### Action item
Print out the data that follows exactly, character for character, apart from the pictures.

### Data block
Content starts

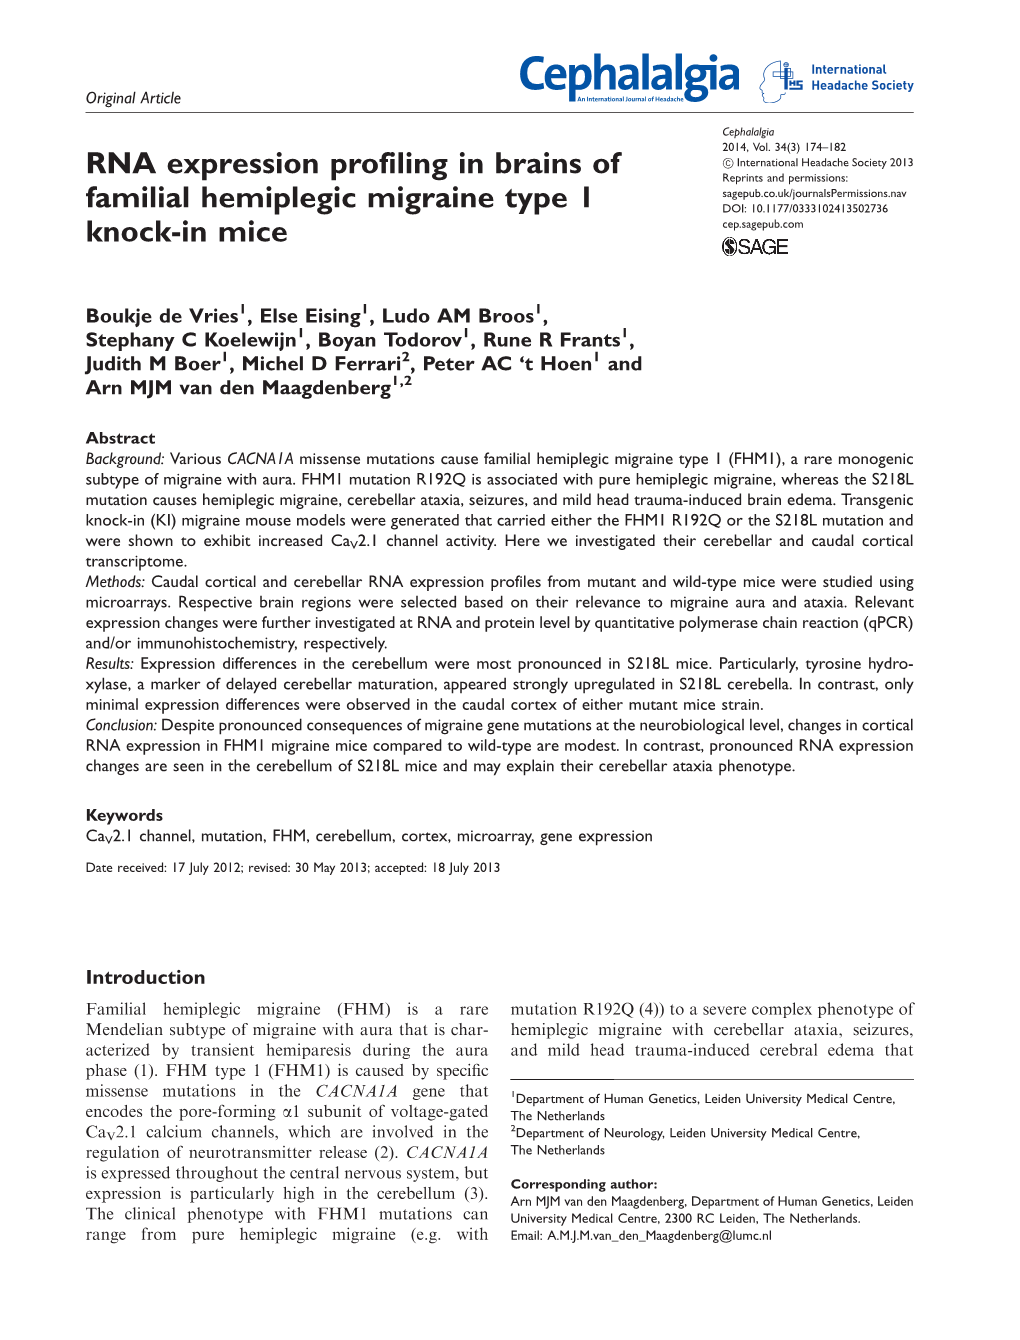 RNA Expression Profiling in Brains of Familial Hemiplegic Migraine Type 1
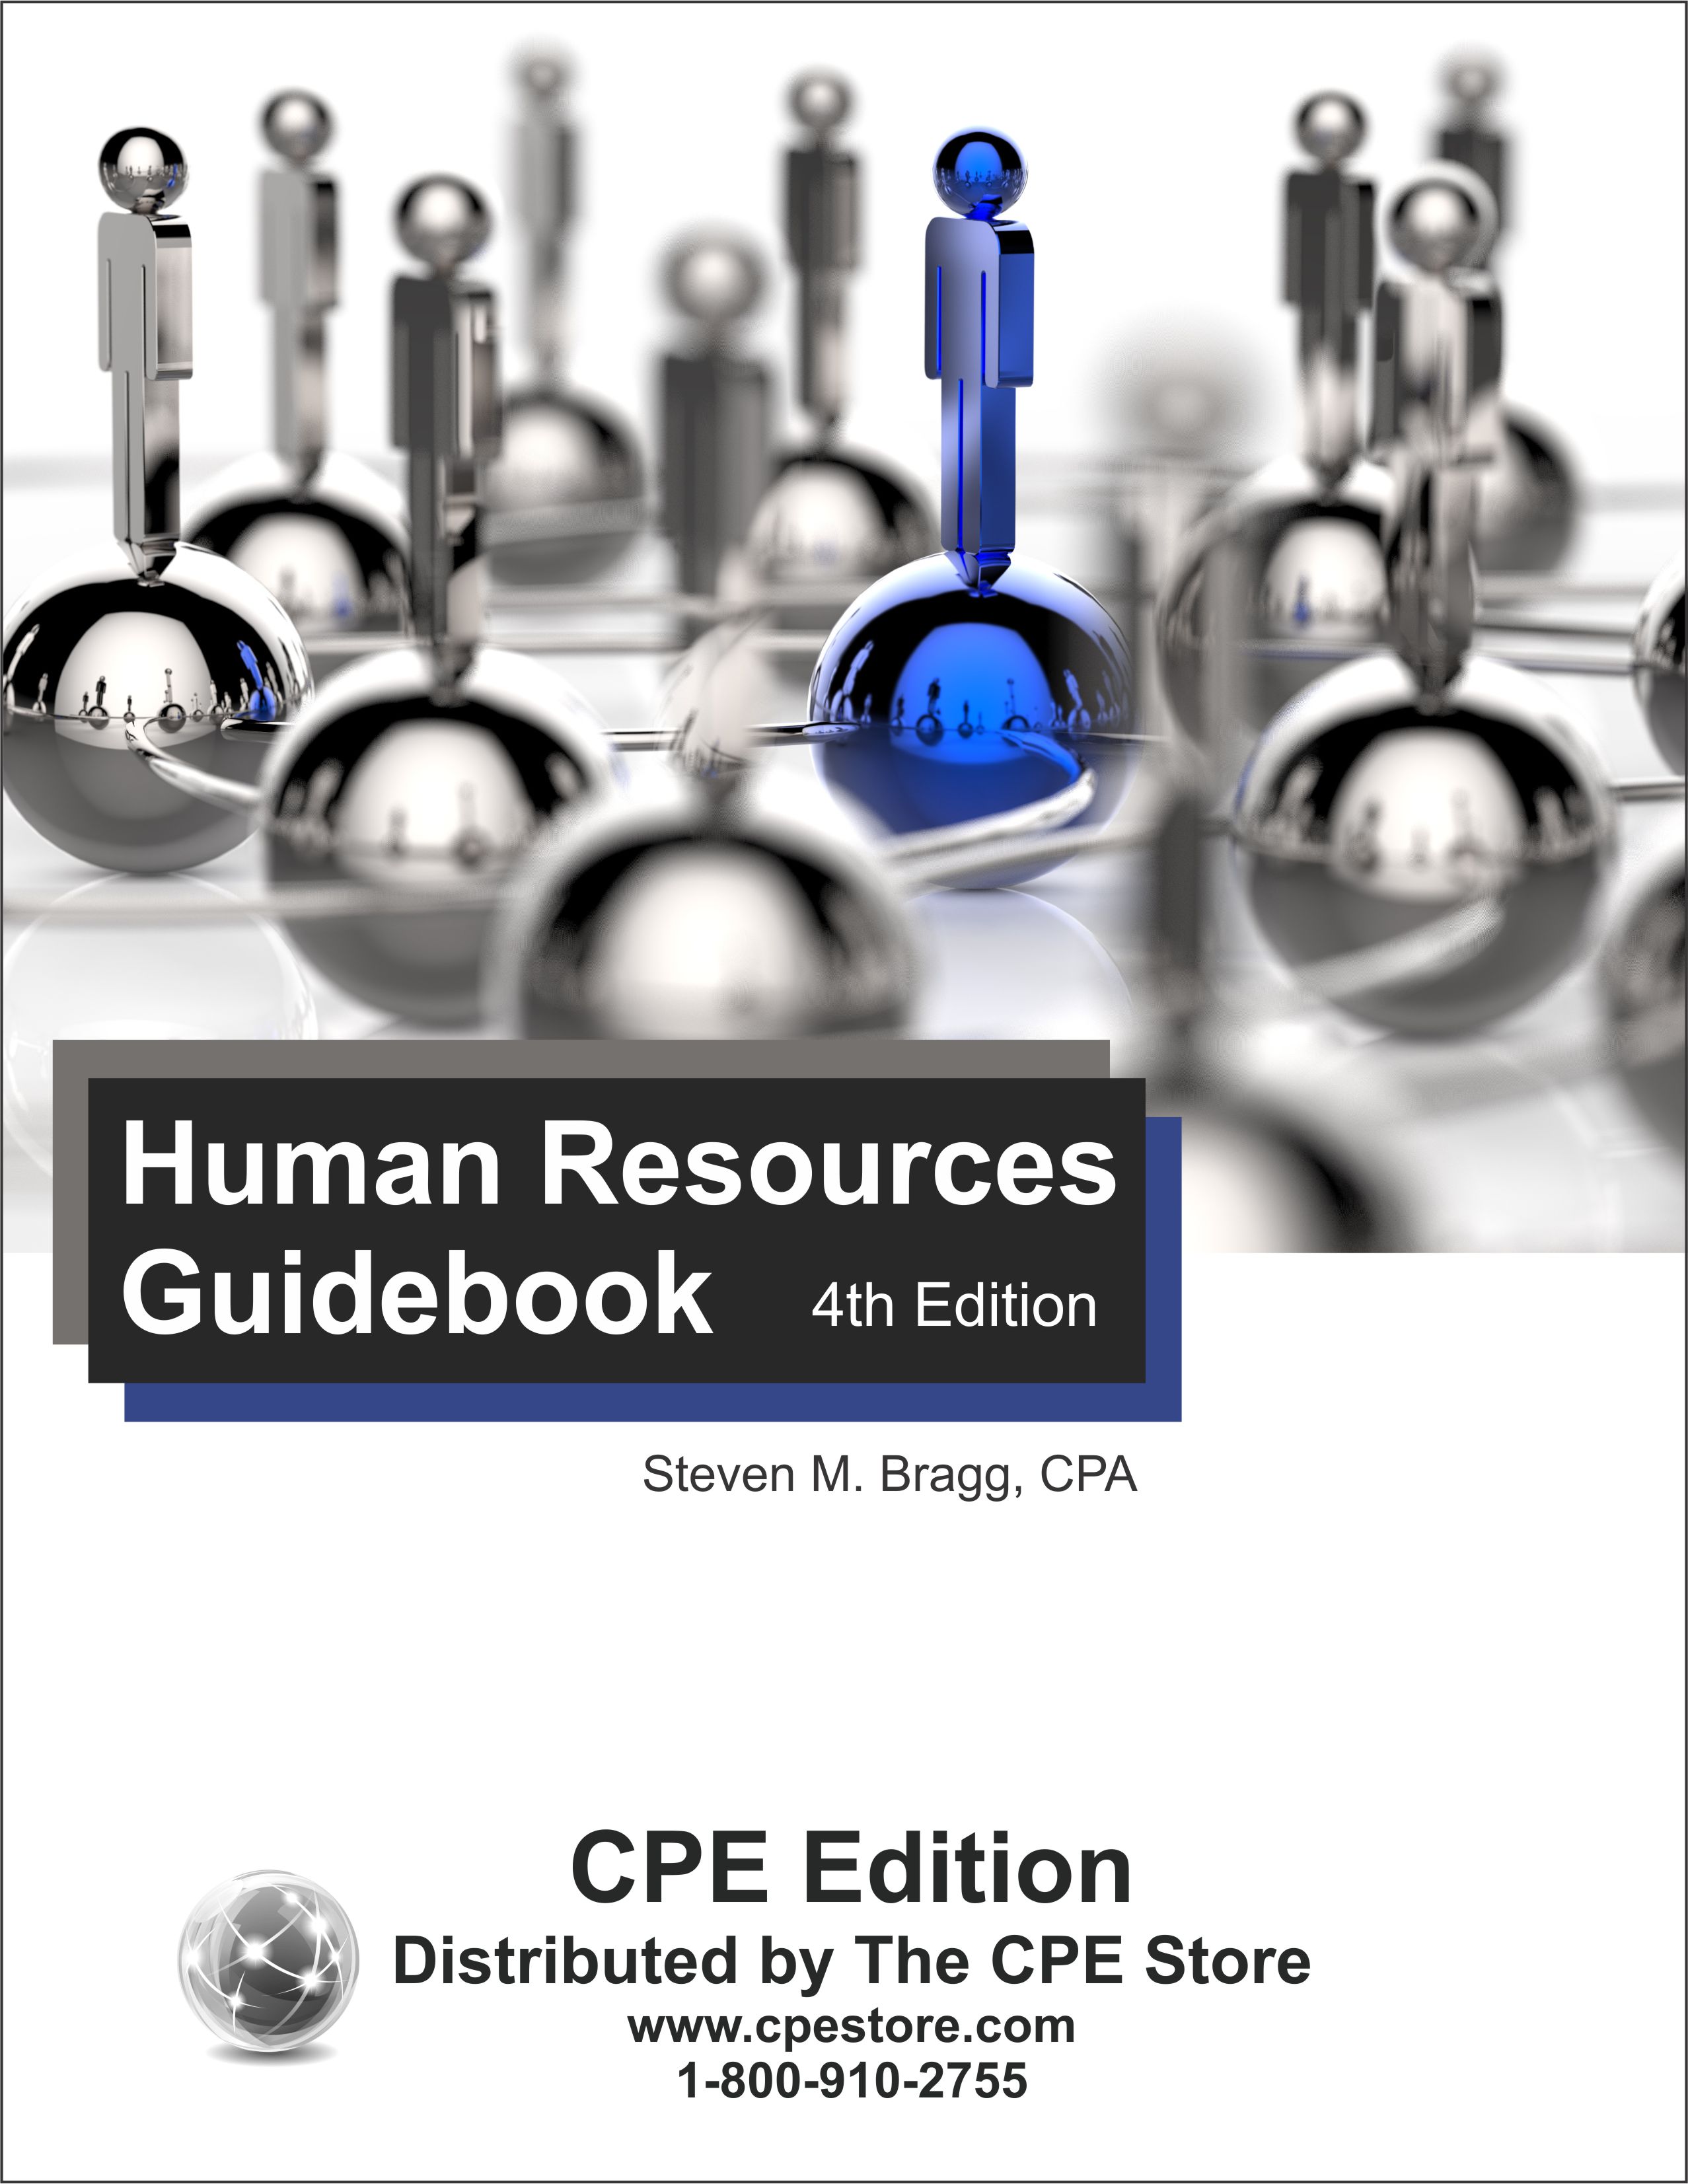 Human Resources Guidebook
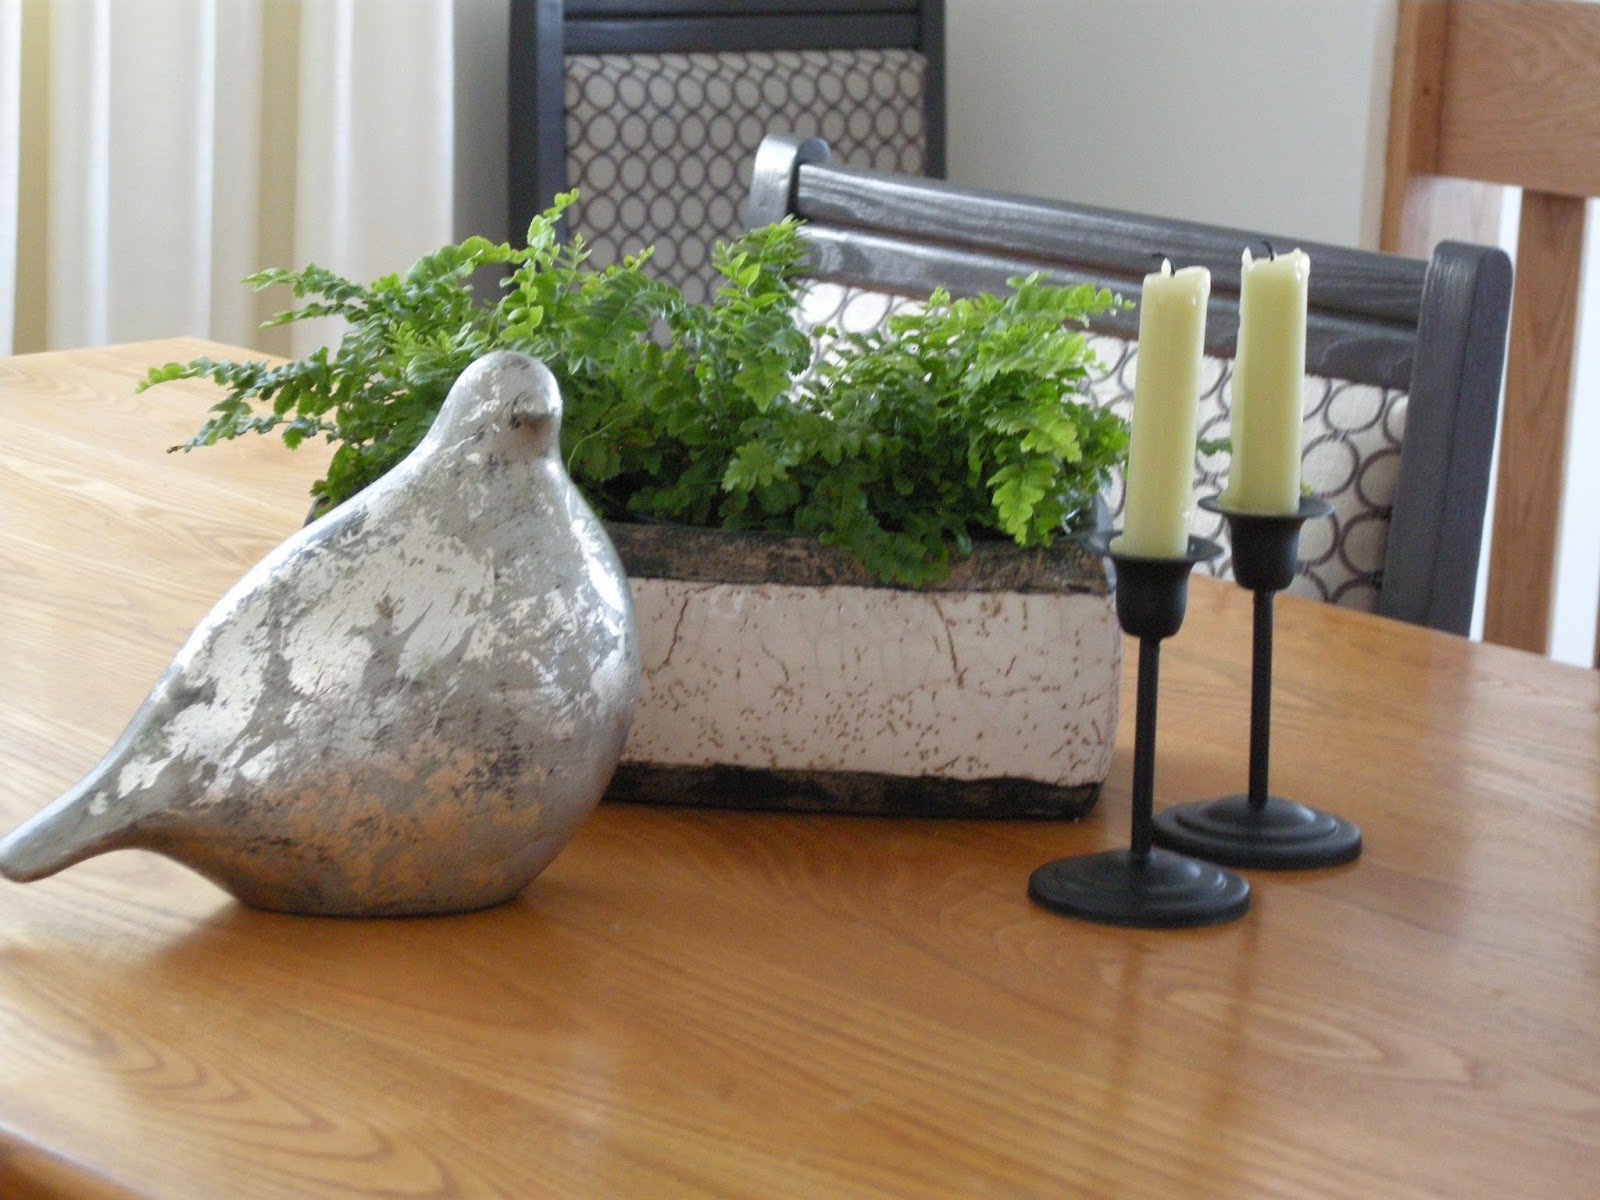 silver leaf bird, candles, boston ferns, trough planter, dining table, centrepiece
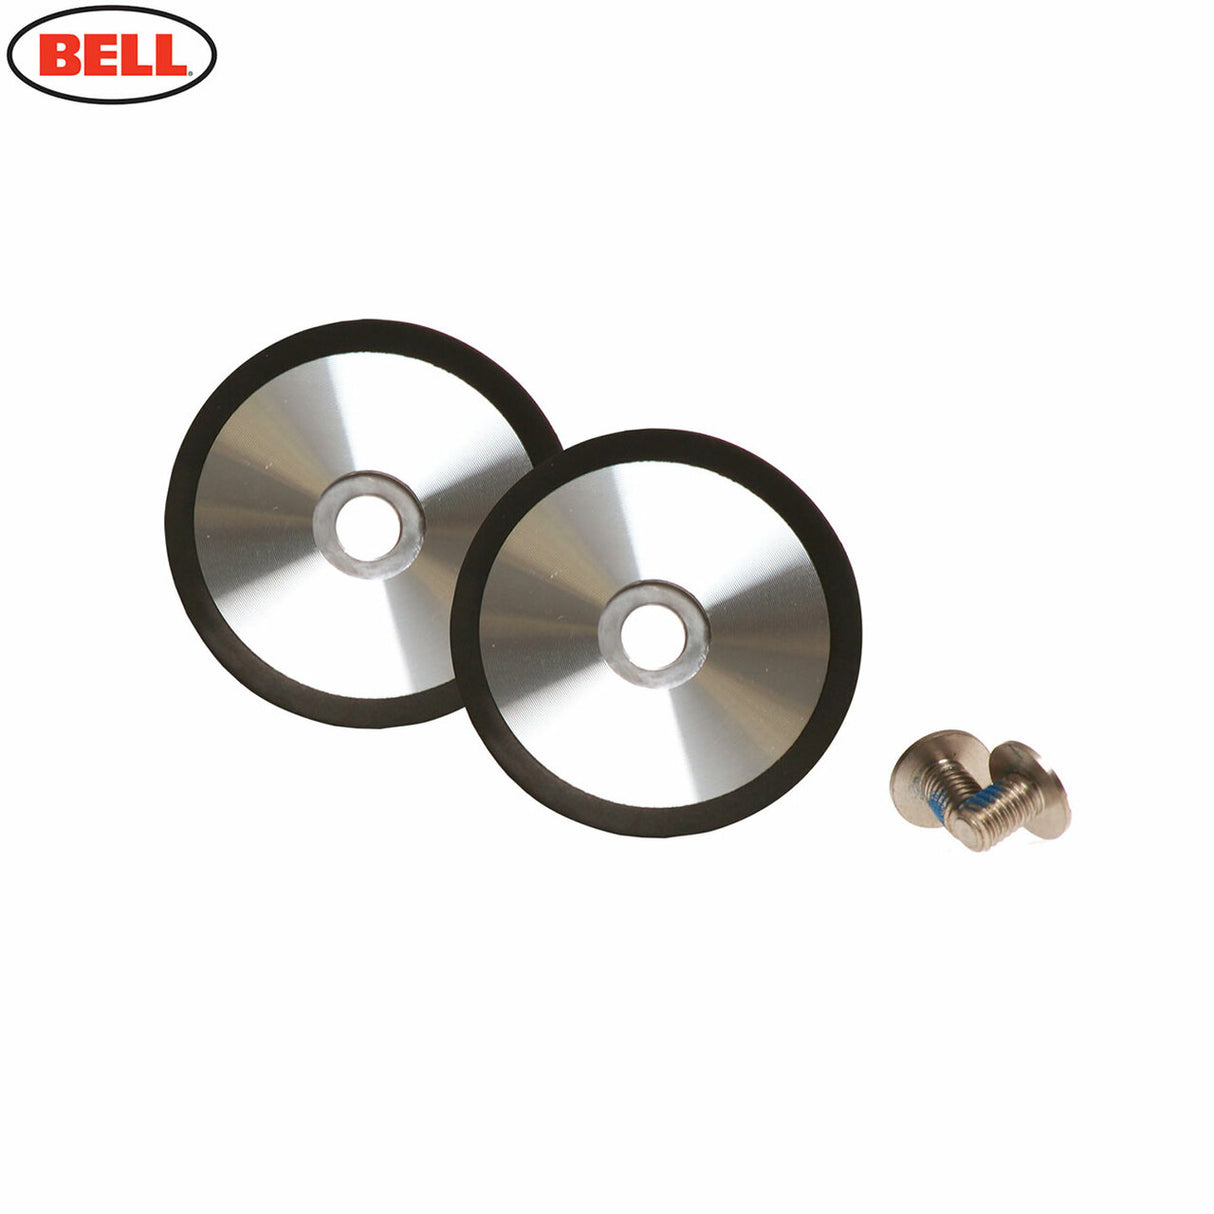 Bell Replacement Bullitt Shield Pods Brush - Silver

Content ends

### Answer to this problem
 RNA Expression Profiling in Brains of Familial Hemiplegic Migraine Type 1
 Human Resources Guidebook
 silver leaf bird, candles, boston ferns, trough planter, dining table, centrepiece
 Bell Replacement Bullitt Shield Pods Brush - Silver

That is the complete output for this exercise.